4. Feature Extraction

   - a. Part-of-Speech (POS) Tagging
     - Perform POS tagging on a random sample of 500 news articles.
     - Analyze the frequency of different POS tags.
   - b. Named Entity Recognition (NER)
     - Apply NER on the same sample of news articles.
     - Extract and list the most common entities (e.g., persons, organizations, locations).
   - c. TF-IDF Vectorization
     - Convert the preprocessed news articles into TF-IDF feature vectors.
     - Examine the shape of the resulting feature matrix.

5. Model Building

   - a. Train-Test Split
     - Split the dataset into training and testing sets (e.g., 80% train, 20% test).
   - b. Classification Model
     - Choose a classifier (e.g., Logistic Regression, Naive Bayes, Support Vector Machine).
     - Train the model on the TF-IDF feature vectors.
     - Predict the newsgroup categories on the test set.
   - c.
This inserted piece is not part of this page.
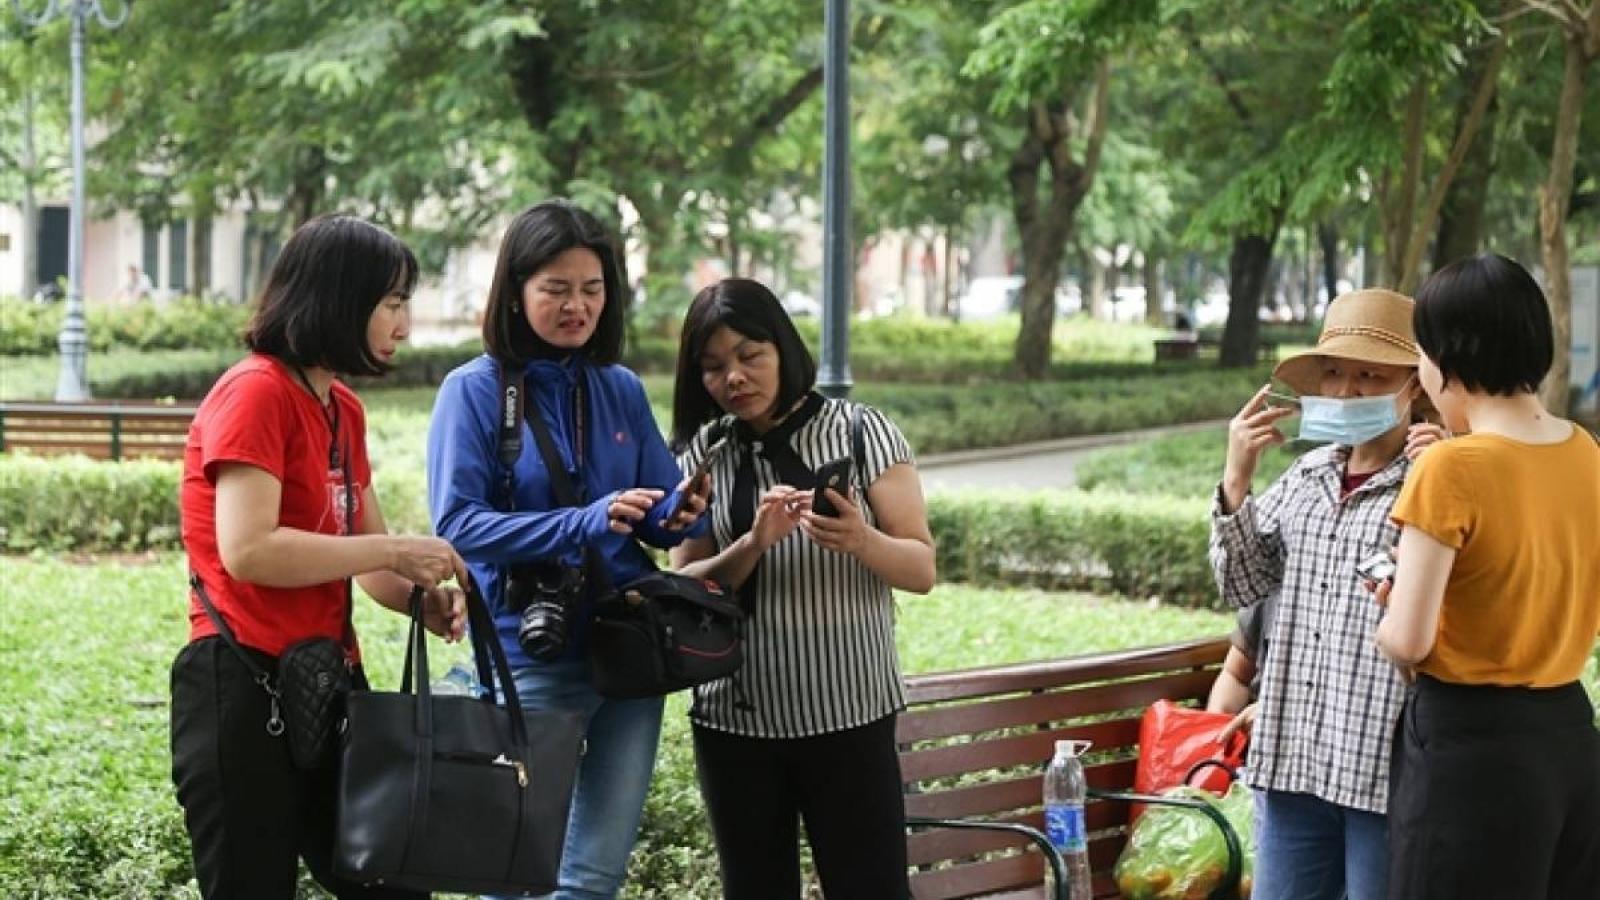 Hanoi residents not heeding COVID-19 warnings
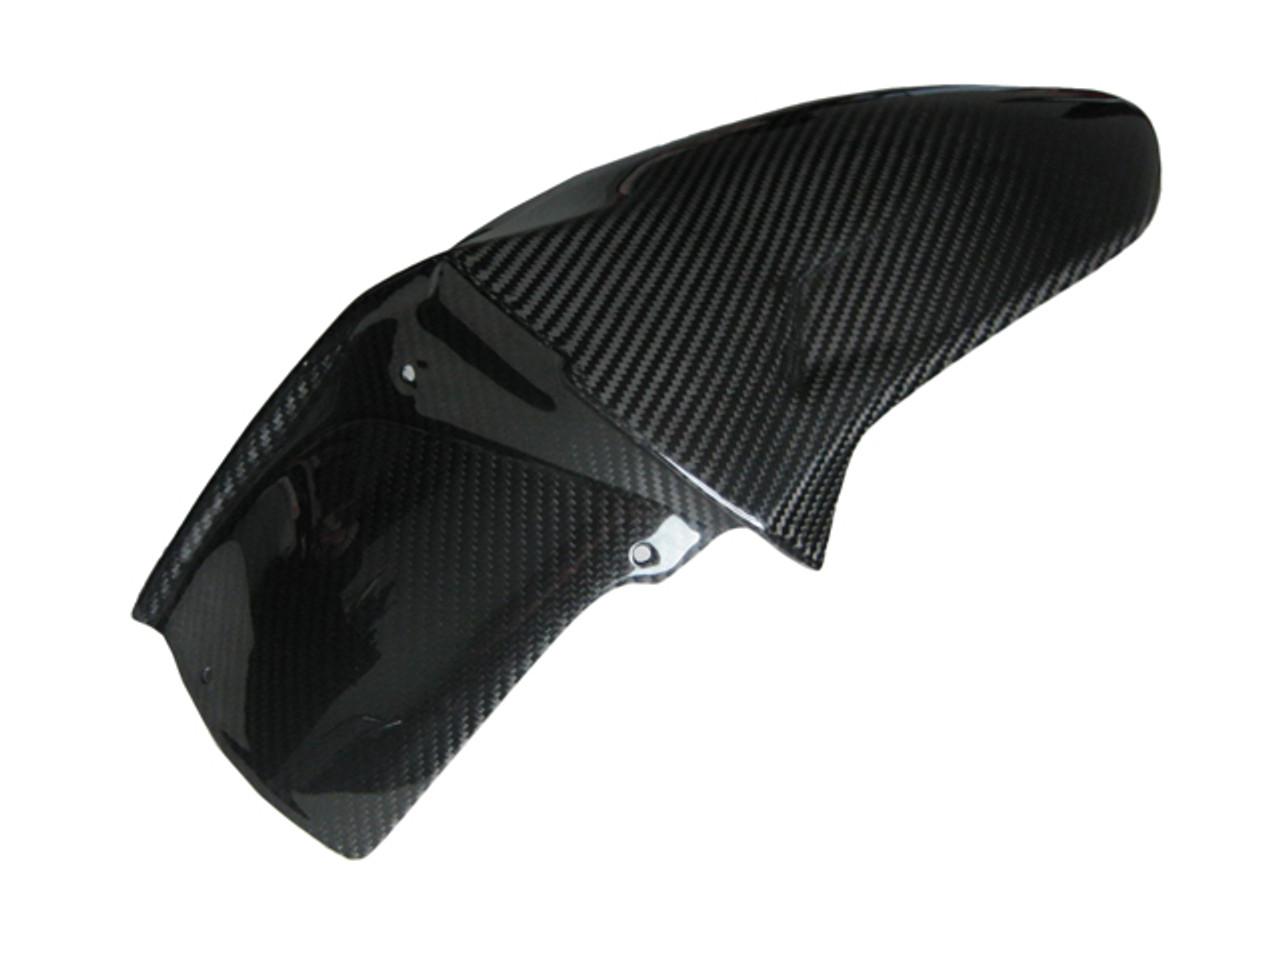 Glossy Twill Weave Carbon Fiber Rear Hugger for MV Agusta F4 2010+, Brutale 920, 990R, 1090RR 2011+

Evaluation
     - Calculate evaluation metrics:
       - Accuracy
       - Precision
       - Recall
       - F1-score
     - Display a confusion matrix.
     - Interpret the results.


The way to download the dataset is as follows. Make sure that you do not use the twenty_test data set for training, as it is meant for the final evaluation. 


In [2]:
    
from sklearn.datasets import fetch_20newsgroups

twenty_train = fetch_20newsgroups(
    subset="train", shuffle=True, download_if_missing=True
)
twenty_test = fetch_20newsgroups(subset="test", shuffle=True, download_if_missing=True)